Vampire Killer - Castlevania (NES)
What could be more awesome than entering Dracula's castle and hearing this theme play? Arguably the one that's next on the list, but Vampire Killer is still amazing in sound and in title. Just mentioning this tune makes gamers swoon, transporting them back to the start of Dracula's castle, whipping bats, Medusa Heads and Mermen.
Simon Belmont's Theme - Super Castlevania IV (SNES)
Once you reach the inside of Dracula's Domain, the door closes and this theme kicks in. OH. SNAP. Simon Belmont is here and he's going to whip you good. There are plenty of reasons gamers remember Super Castlevania IV with such fondness, chief among them is the music, which even by the SNES's beautiful standards, is still some of the very best the system had to offer. Kinda sucks that once you finish the first stage, you don't get to hear these theme anymore. That is, until about midway through the fight with Dracula's second form. Simon Belmont is so awesome that he can turn on his theme music during a final boss fight. Dracula heard that theme knew he was screwed.
Ragnarok Canyon - Battletoads in Battlemaniacs (SNES)
The Battletoads games are stupidly hard but if you gotta suffer, you may as well suffer to some awesome beats. Ragnarok Canyon, the start of the Toads journey in Battlemaniacs serves up some one of the best rock beats you'll hear on the SNES. The use of guitars and drums in this tune are absolutely SICK! David Wise is primarily known for his work on the Donkey Kong Country games, but he's also the man responsible for the music in the Battletoads series. Needless to say, David Wise is freaking awesome.

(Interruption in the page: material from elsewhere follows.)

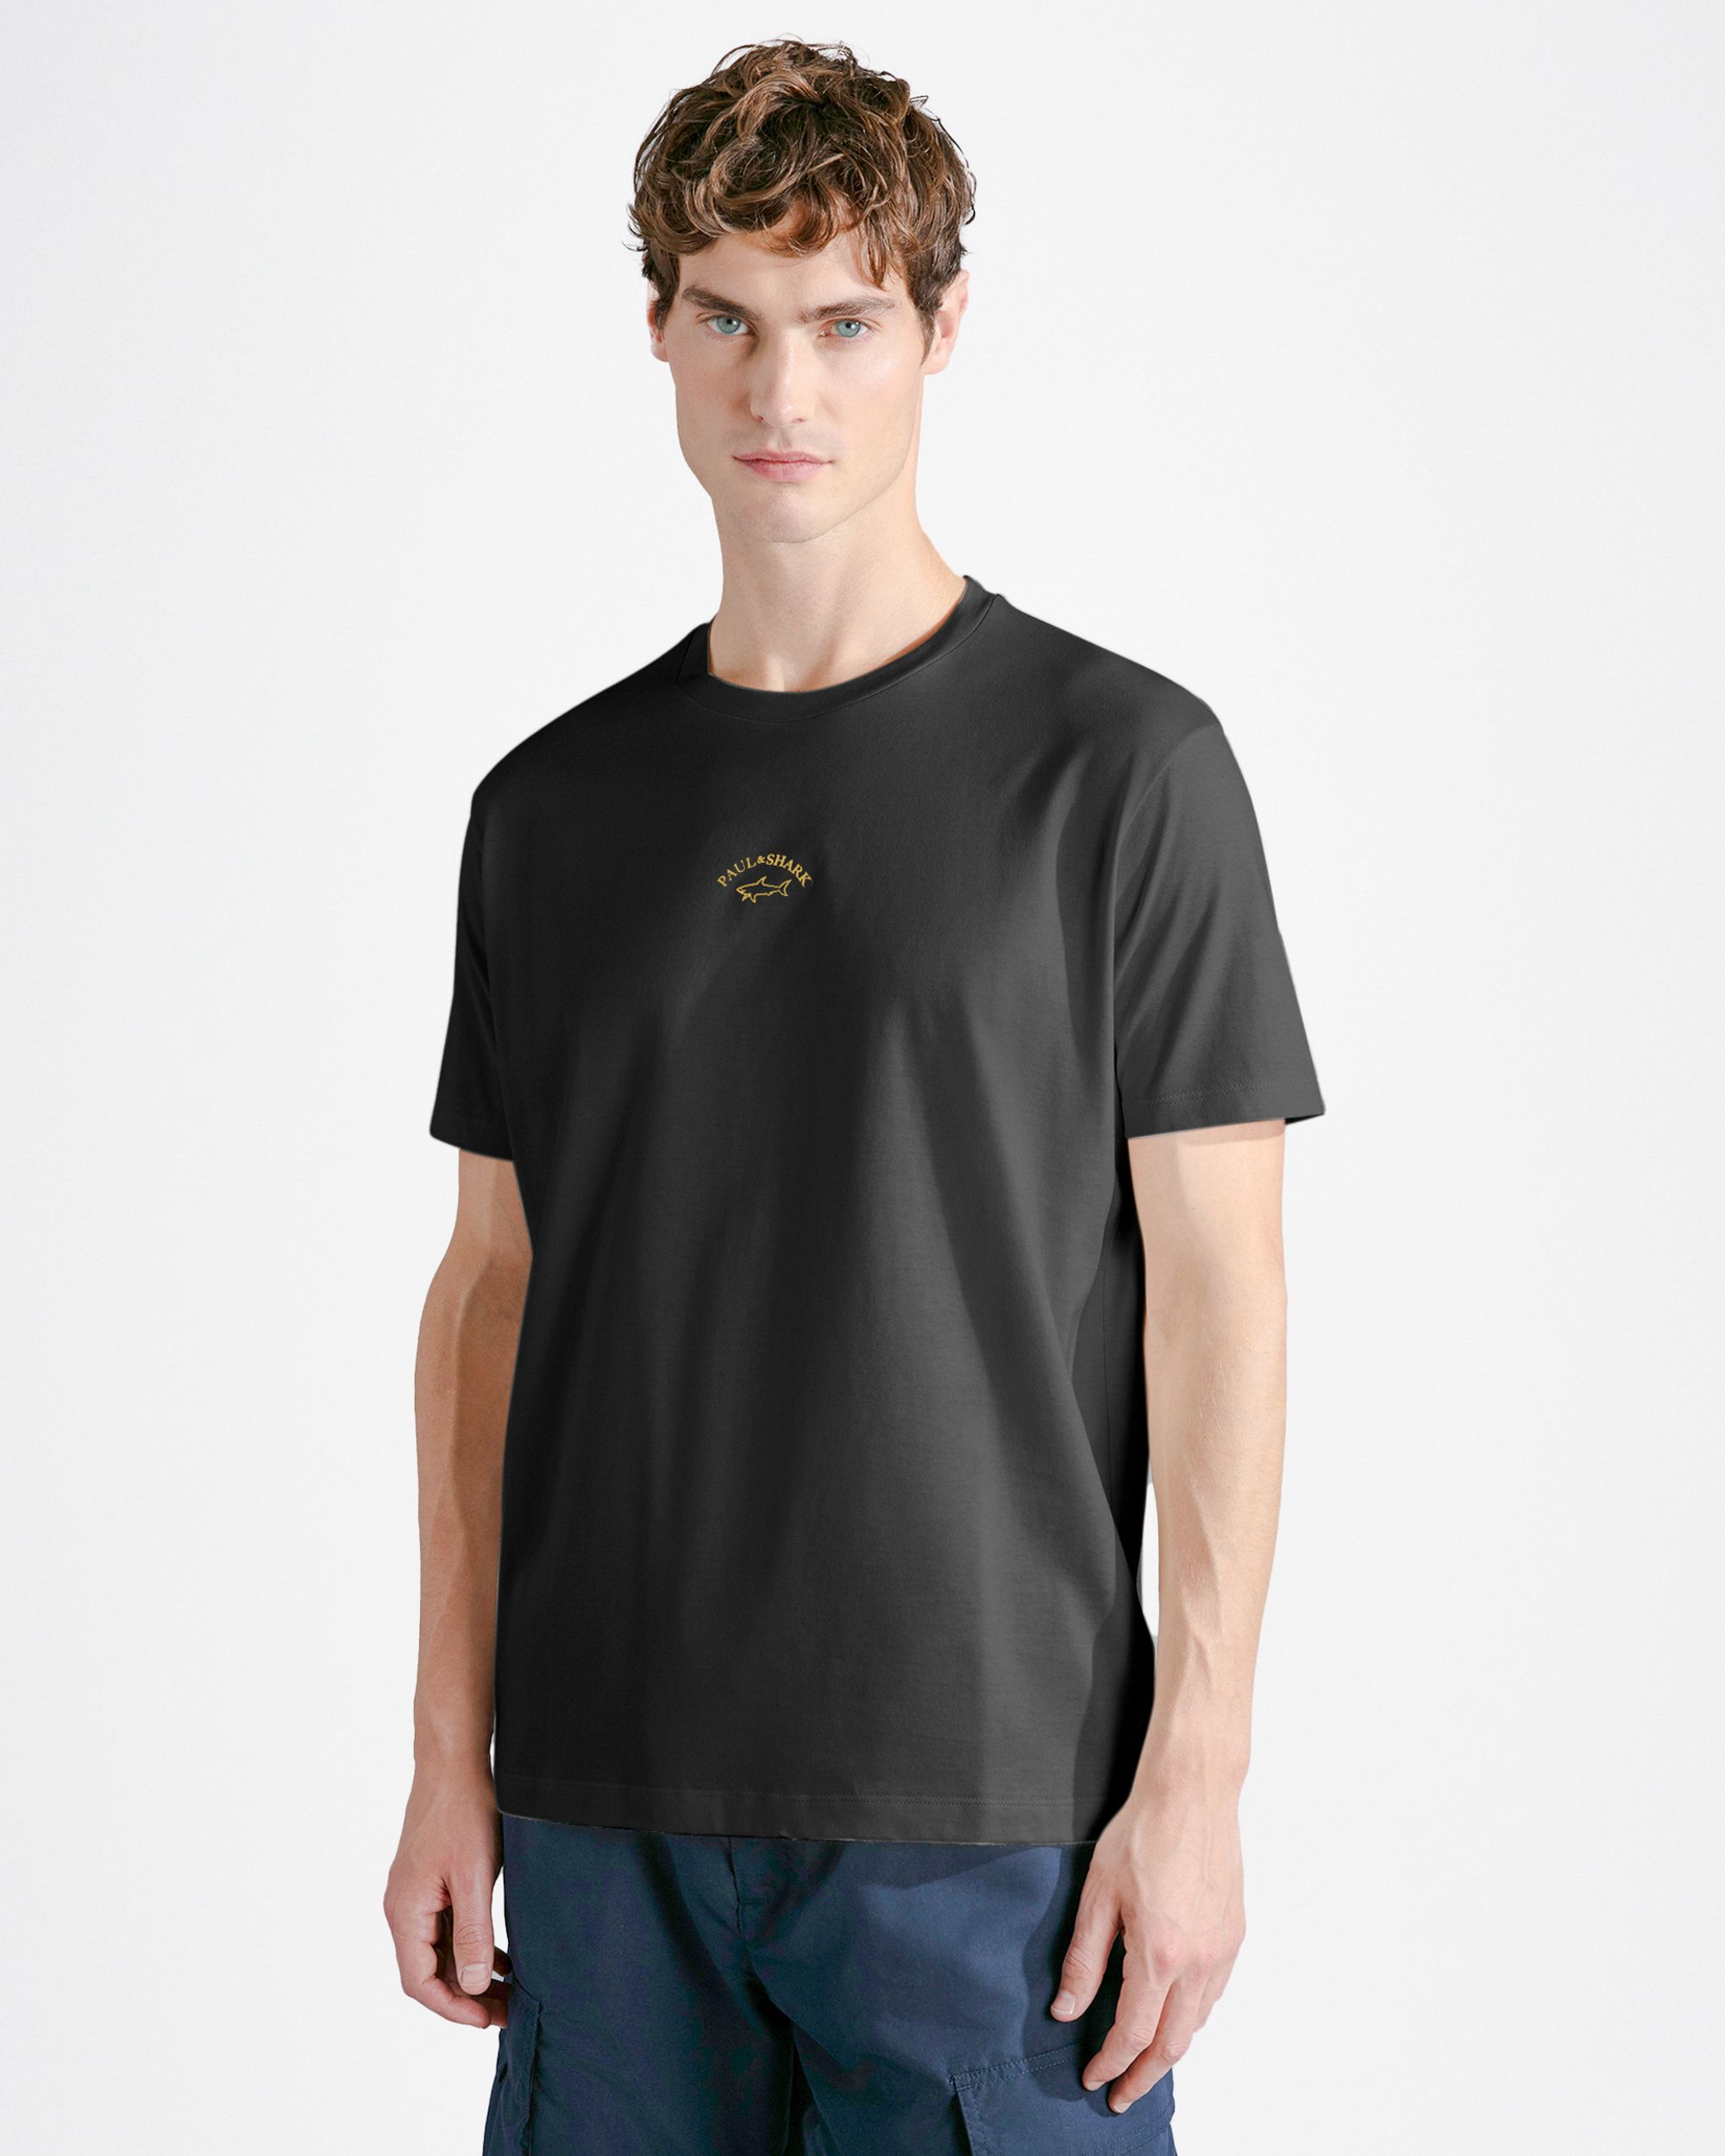 Paul & Shark T-shirt KM Zwart 092030-001-L

Opening Stage - Mega Man X (SNES)
You press start at the title screen and expect to go to a stage select screen just as you would in the classic Mega Man series. Instead, you're teleported to a green highway, with a background that looks like the aftermath of a robot rebellion having it's way. This is not your father's Mega Man game. The music in Mega Man X has a heavy feel of rock going on and what better way to introduce you to a new style of Mega Man music than the first stage? Said stage also shows you a good chunk of the new gameplay mechanics.
The Shinobi - Revenge of Shinobi (Genesis)
Name one tune that Yuzo Koshiro wrote that was bad. Yeah, that's what I thought. You can't! There are no such things as bad Yuzo Koshiro tunes. Just songs that are more fantastic than others. If you need further proof how cool it is to be a ninja, just listen to The Shinobi. It's the perfect embodiment of what it means to be a ninja. Calm, collected, and stealthy. That and silting people's throats with Japanese swords.
Lakeside - Sparkster (SNES)
In 1994 two different teams developed two Sparkster games. One for the Genesis, the other for the SNES. The Genesis version was a direct sequel to the 1993 Genesis original, while the SNES game was a completely different beast. Both games use the same songs but like most Genesis and SNES games, the audio differences between the two is quite noticeable. While I like to steer clear of arguments of what games had better sound that were released on both platforms, I really do have to side with the SNES versions of Lakeside. It's a very heroic theme and in my personal opinion, I think it should be made the official theme of Sparkster.